In the wake of the Iraq and Afghan War, the military’s leadership has had difficulty retaining junior officers, especially in a system incentivizing highly regimented career tracks. Speaking of senior officers’ regard for junior officers, Samet notes: “They praise their ‘sacrifices’ yet simultaneously think of them as cowboys who have had too much autonomy in Iraq and Afghanistan. … Used to operating beyond the reach of routine, these [junior] officers return to find their lives scripted down to the last detail, mired in layers of bureaucracy.”

So much as No Man’s Land expertly filters our last decade of war through the prism of literature, it is also does something more—it sounds a clarion call for institutional change in a period of great uncertainty. Samet doesn’t lay out any formulaic solutions in her book, merely a plea for creativity and intellectual flexibility in an organization known for neither. That such a message comes from a professor of literature at West Point seems reason enough for optimism, the Army has been smart enough to retain Elizabeth Samet.

As for retaining it’s most talented junior officers, the military has proved less successful. Many of the finest captains and majors I served alongside left the Marines to pursue more entrepreneurial careers—business, politics, the arts—embracing these endeavors with the ingenuity they once drew upon to fight complex insurgencies from isolated firebases. In the last five years, this hemorrhaging of talent prompted the military to offer financial incentives for junior officers to stay, often with mixed results. A greater incentive might have been to nurture in peacetime the same creativity these officers exhibited when searching out solutions to the intractable problems of the September 11 Wars.

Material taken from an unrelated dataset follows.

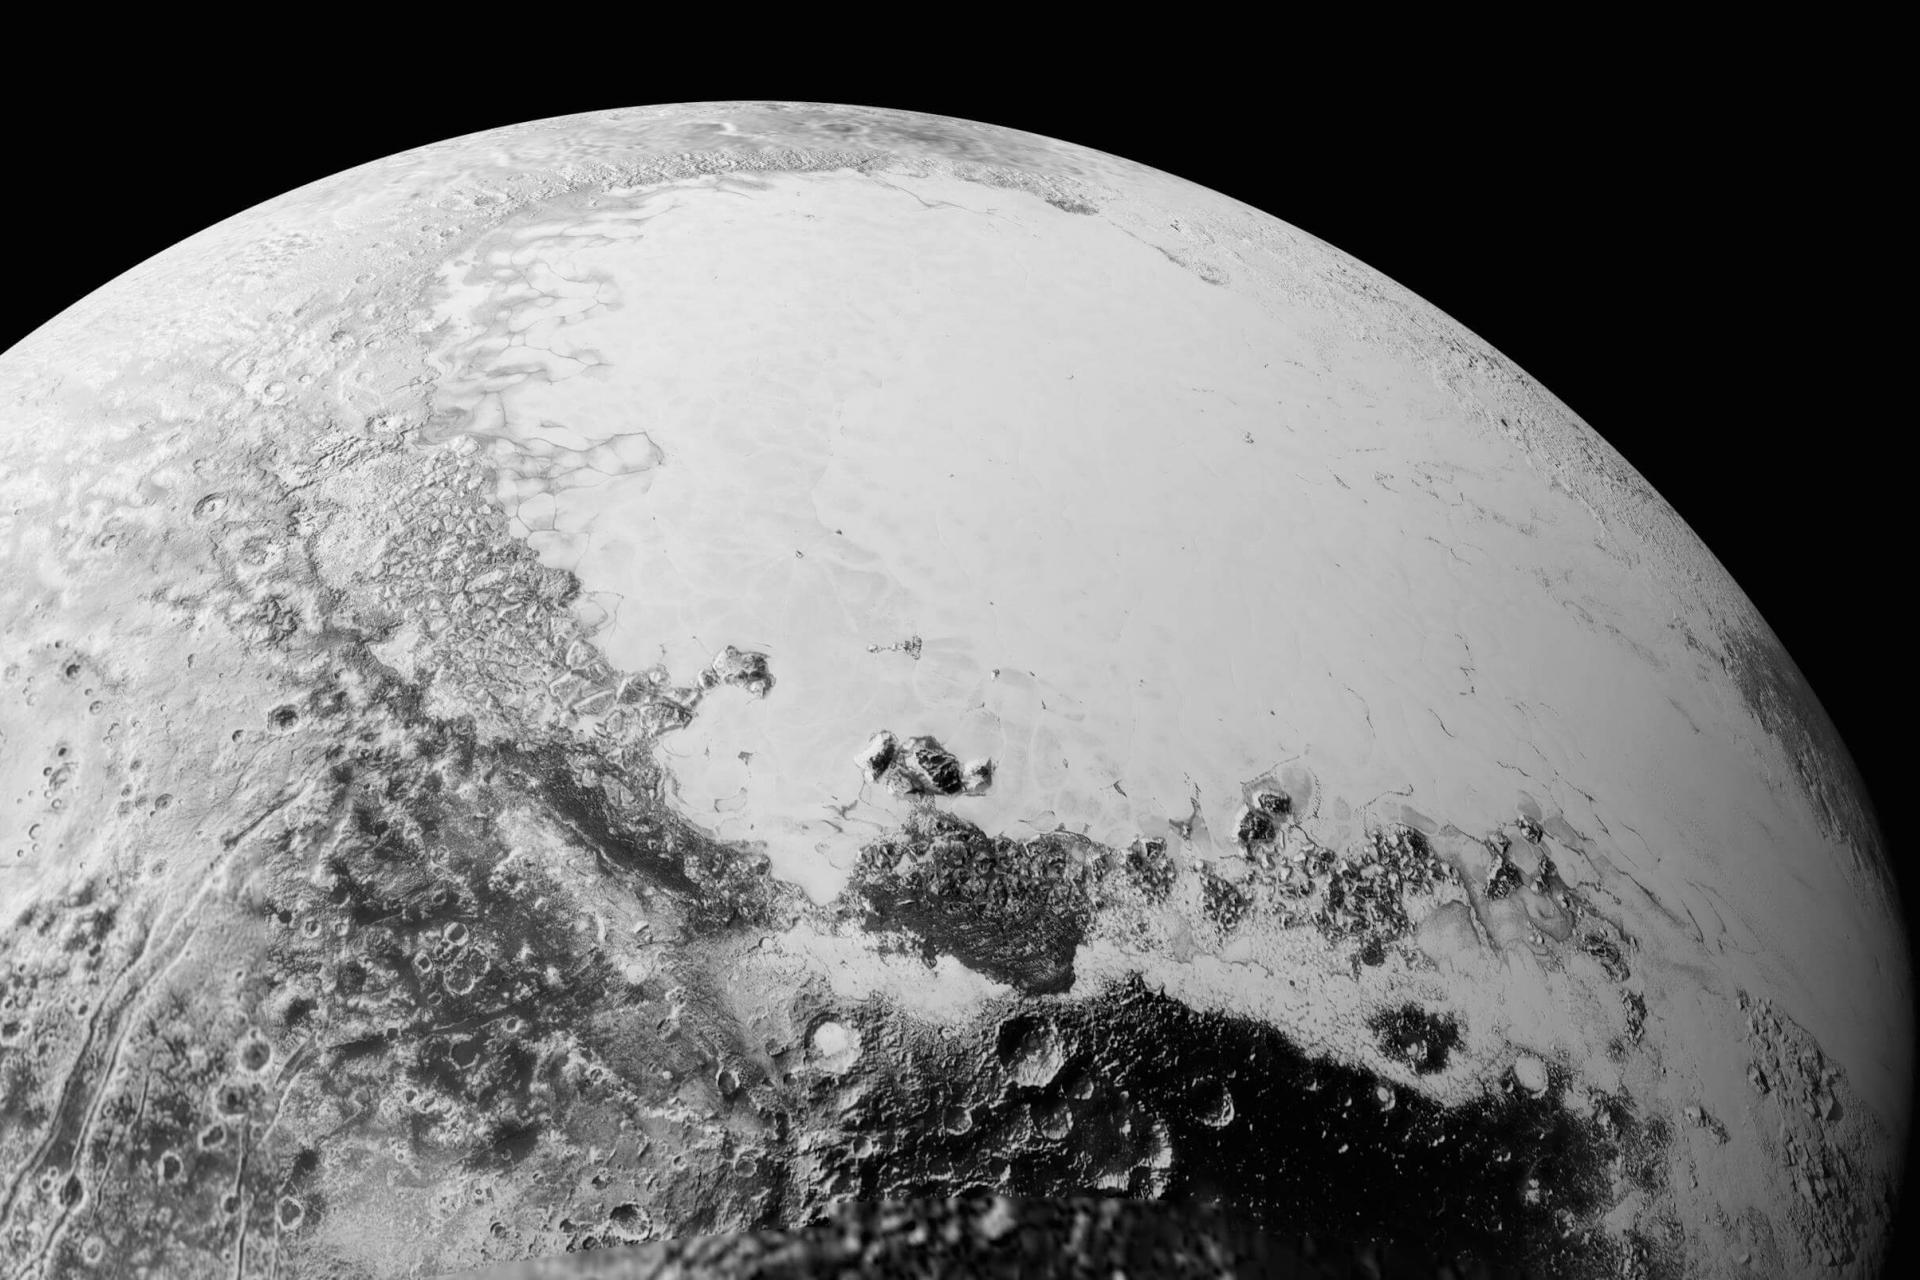 Close up view of Pluto's large heart-shaped glacier and mountains of ice.

It remains unclear where the next decade’s solutions will come from, but Samet offers a suggestion: “I think we need to make time to hear what a plebe has to tell us. In doing that, and responding thoughtfully, we initiate the kinds of conversations about ambition, imagination, conformity, and dissent that might enable them to carry on in the no man’s land that awaits.” I imagine there are many, more conventional institutions than West Point, which would welcome a professor of literature with Samet’s gifts as a writer and as a teacher. But, like the well-respected captain I worked for those many years ago, I think I know why she stays.